QuaLiProM Project wields AI to address sustainable battery upcycling

In an effort to improve sustainability further within the EV industry, new research has been commissioned to deal with the hurdles of upcycling lithium-ion batteries. Dubbed the “QuaLiProM project,” this initiative will explore the creation of a quick, non-destructive method for analyzing the available power and service life of used lithium-ion batteries.

If successful, this research will enable more batteries to be reused for EVs and other industries. Lithium-ion batteries naturally degrade over time, with lowered capacities and more internal resistance. Today, analyzing the State-of-Health (SoH) of any battery requires delicate electrochemical measurements, which take time. Moreover, existing methods are ineffective at detecting localized defects or hotspots. These challenges result in upcycling programs often being classified as non-viable from an economic perspective.
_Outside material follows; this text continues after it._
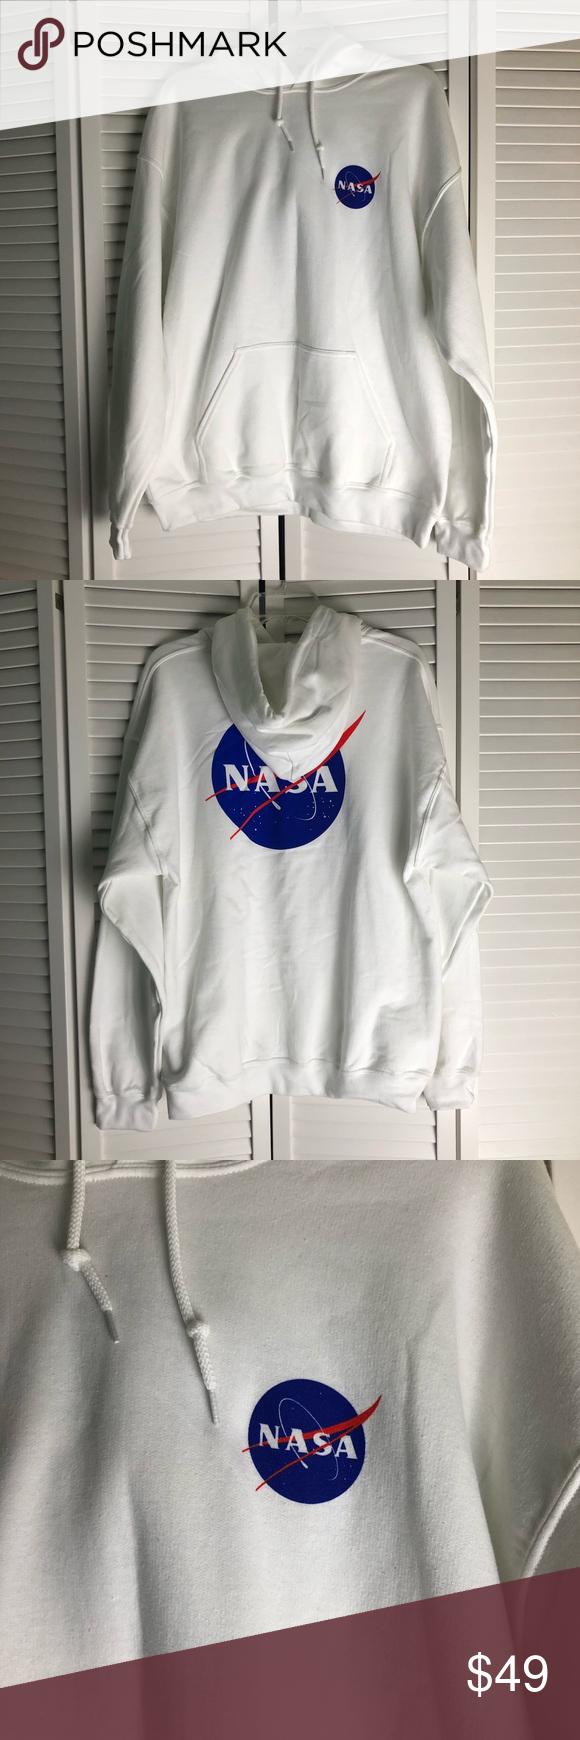 New Nasa Oversized White Hoodie Sweatshirt L White Sweatshirt Hoodie Oversized White Hoodie Nasa Clothes [ 1740 x 580 Pixel ]
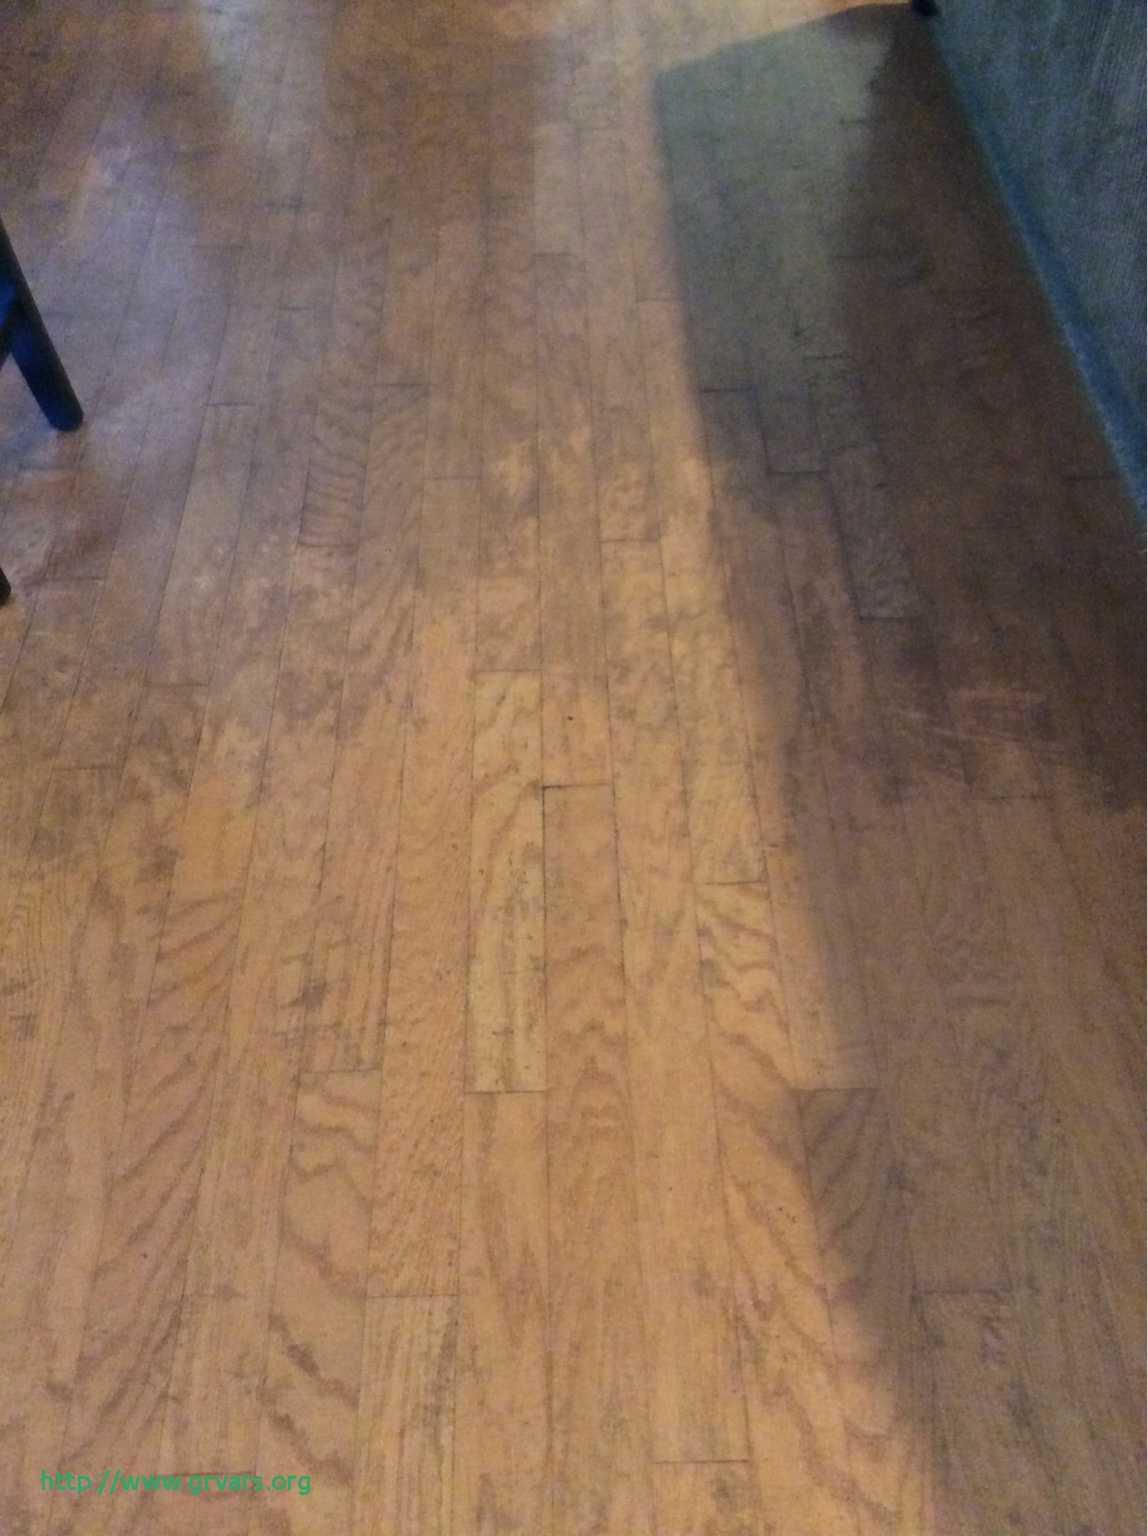 hardwood floor in bathroom smells like urine of remove pet urine odor from hardwood floors a‰lagant 68 best best air throughout remove pet urine odor from hardwood floors inspirant hardwood floor cleaning help

It's a problem recognized worldwide, but the German Federal Ministry of Education and Research (BMBF) has decided to tackle the problem with this brand-new project. The QuaLiProM project relies on quantum sensors made from diamonds and atomic magnetometry to detect and measure the magnetic fields produced by battery cells.

AI can then be used to analyze the data gathered from these magnetic fields to determine whether battery cells are defective or degraded. Deep learning AI methods can then decide if batteries are suitable for recycling in EVs or suitable for second-life uses in other industries.

It's theorized that this non-destructive method can detect everything from the state of a battery’s charge to impurities and product defects. Most excitingly of all, for EV battery producers, the method can be integrated into cell production directly while being substantially faster than traditional methods.

Several partners have announced their participation in the project, including the Fraunhofer Institute for Manufacturing Technology and Advanced Materials (IFAM), Nehlsen, and Industrial Dynamics.

Expertise has been drawn from several sectors to give the project the best chance of success, with specializations including data analysis and quantum sensor development.

Currently, the timeline for the project is November 30th, 2026. If successful, it could be the end of the decade when we see these methods appear on the ground.